**PROBLEM REQUIREMENTS**
Would you repeat the listing below exactly, with no pictures in it?

**GIVEN DATA**
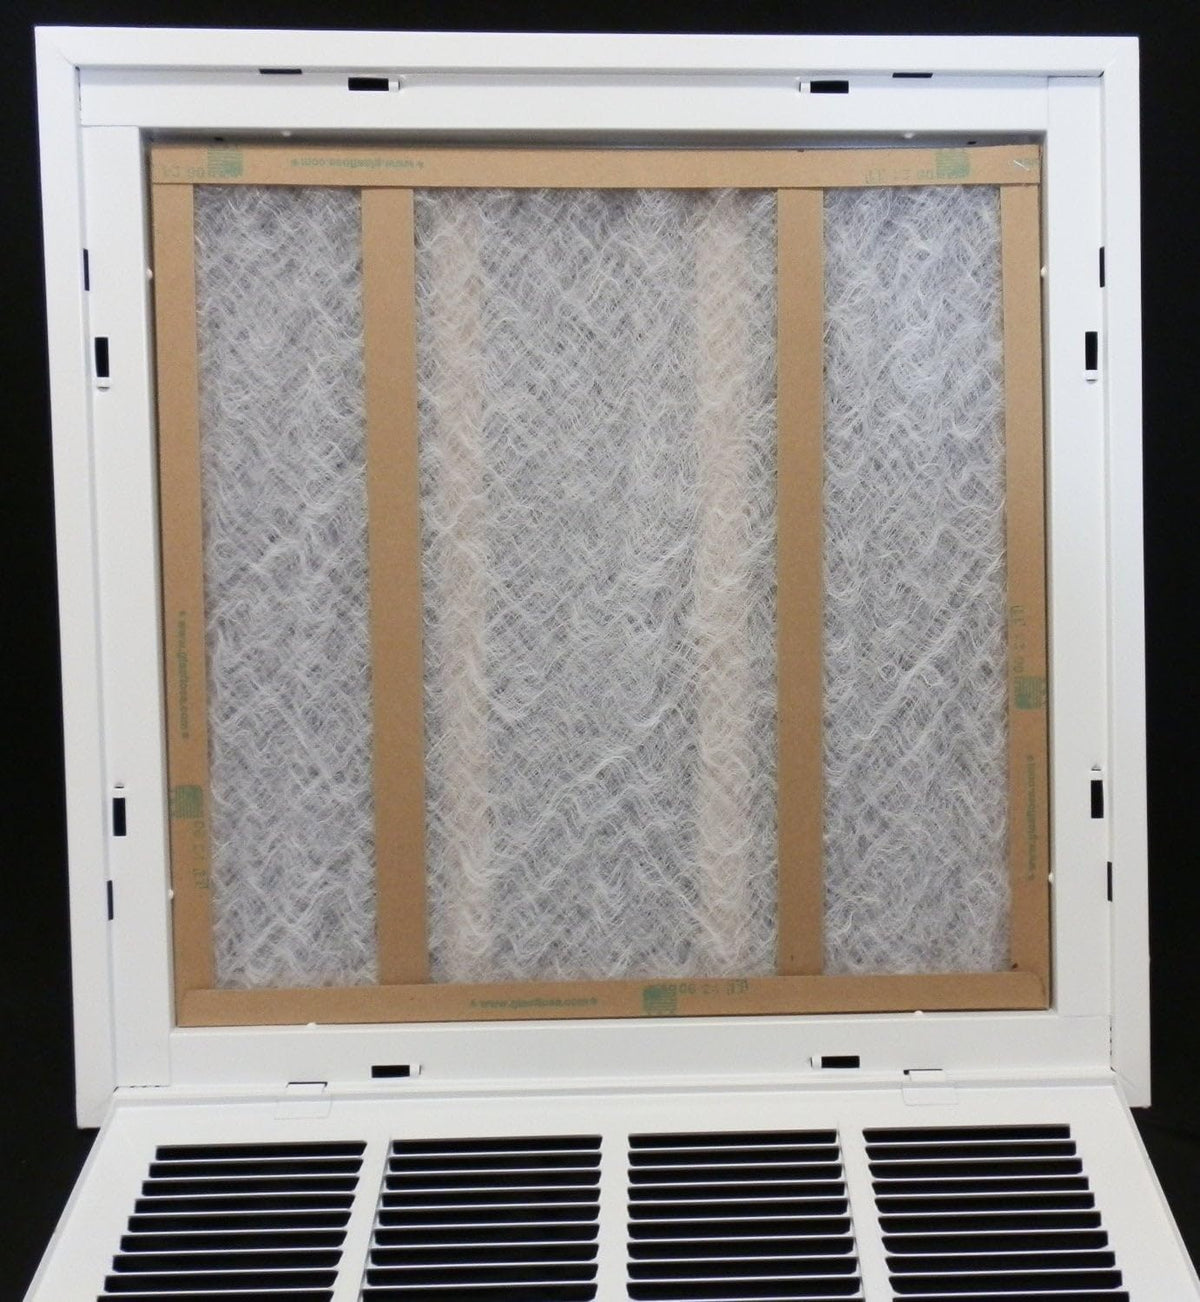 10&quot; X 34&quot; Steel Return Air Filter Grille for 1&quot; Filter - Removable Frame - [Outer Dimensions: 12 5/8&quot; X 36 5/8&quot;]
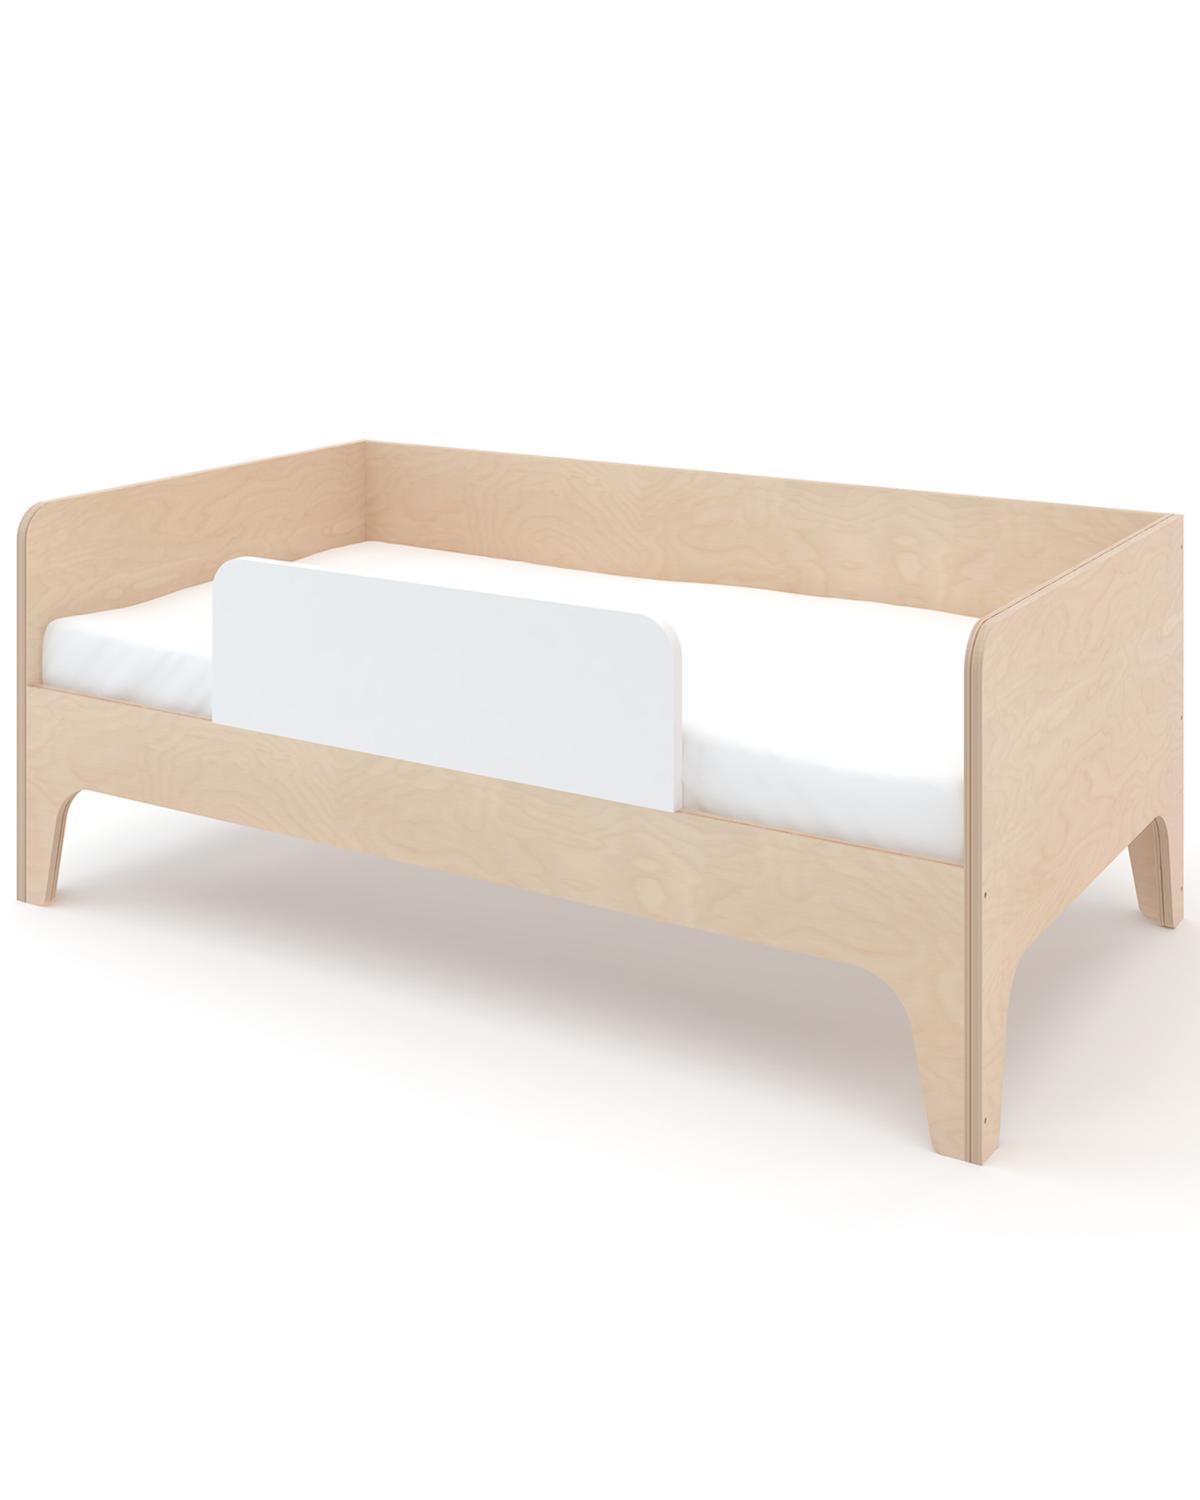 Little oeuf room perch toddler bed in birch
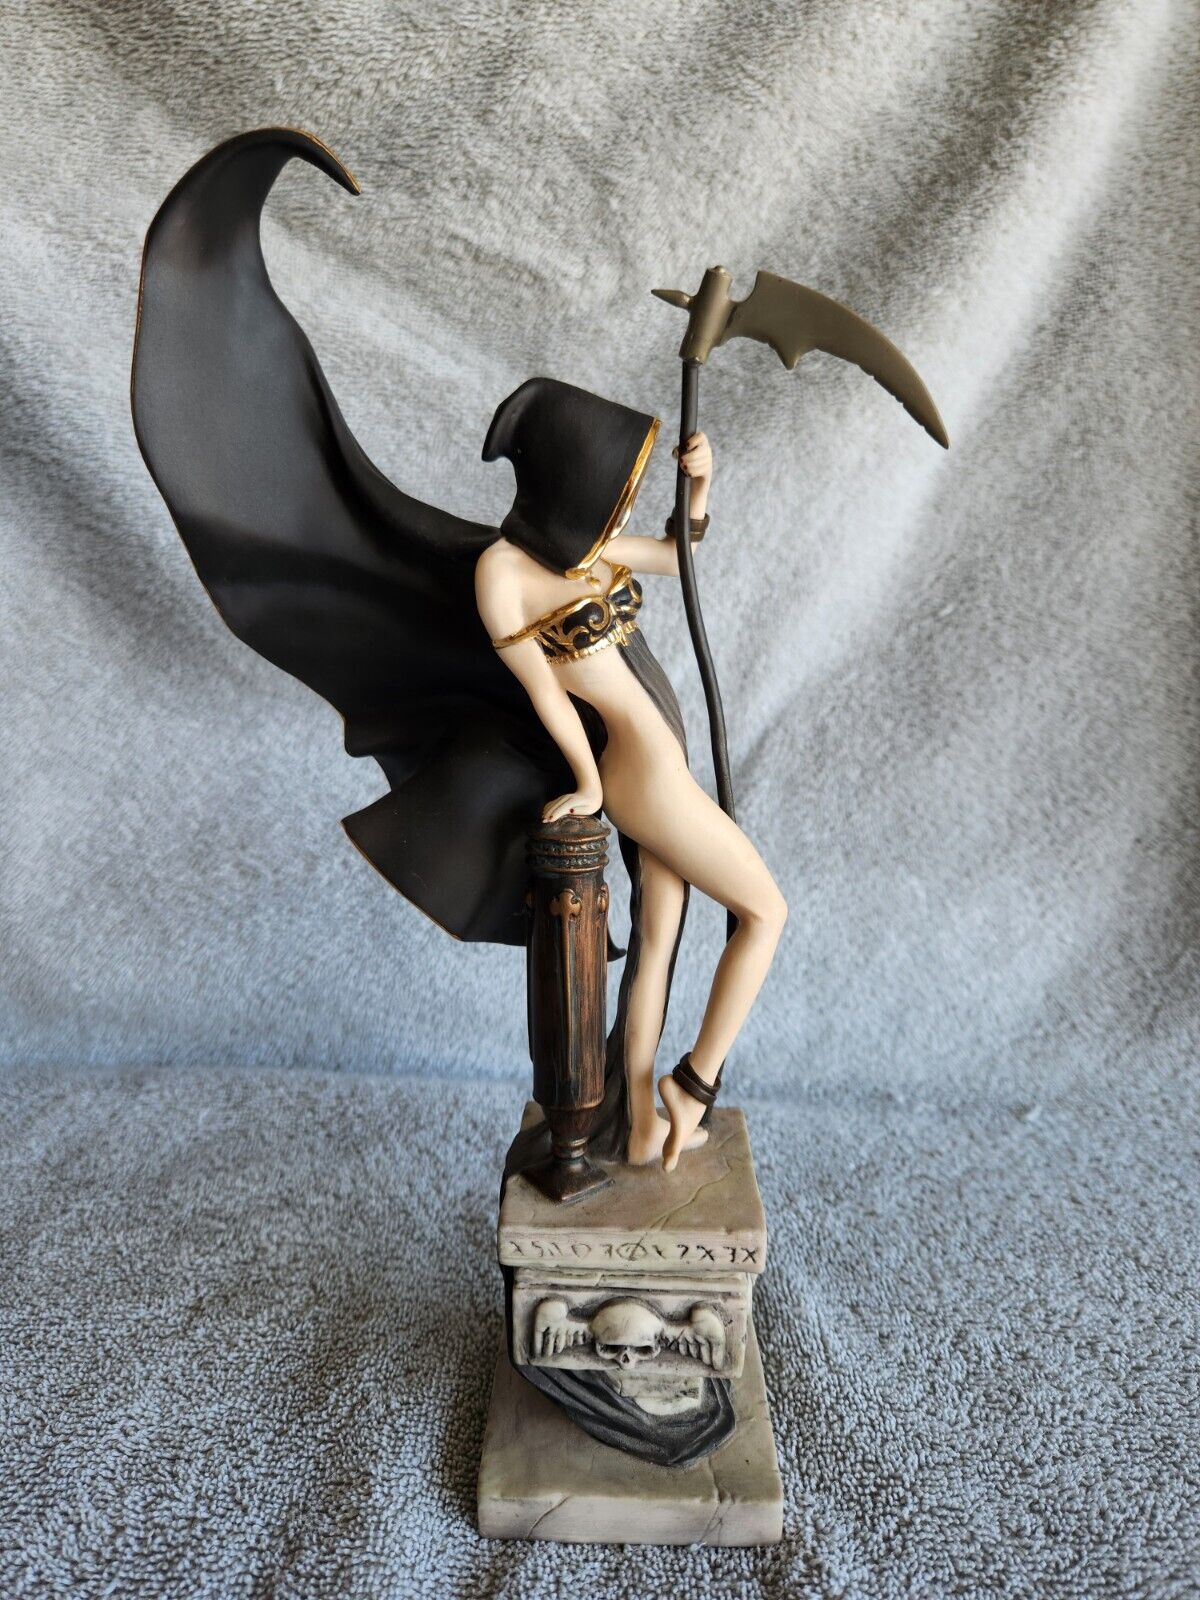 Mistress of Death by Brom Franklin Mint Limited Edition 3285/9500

**EXERCISE RESPONSE**
 10&quot; X 34&quot; Steel Return Air Filter Grille for 1&quot; Filter - Removable Frame - [Outer Dimensions: 12 5/8&quot; X 36 5/8&quot;]
 Little oeuf room perch toddler bed in birch
 Mistress of Death by Brom Franklin Mint Limited Edition 3285/9500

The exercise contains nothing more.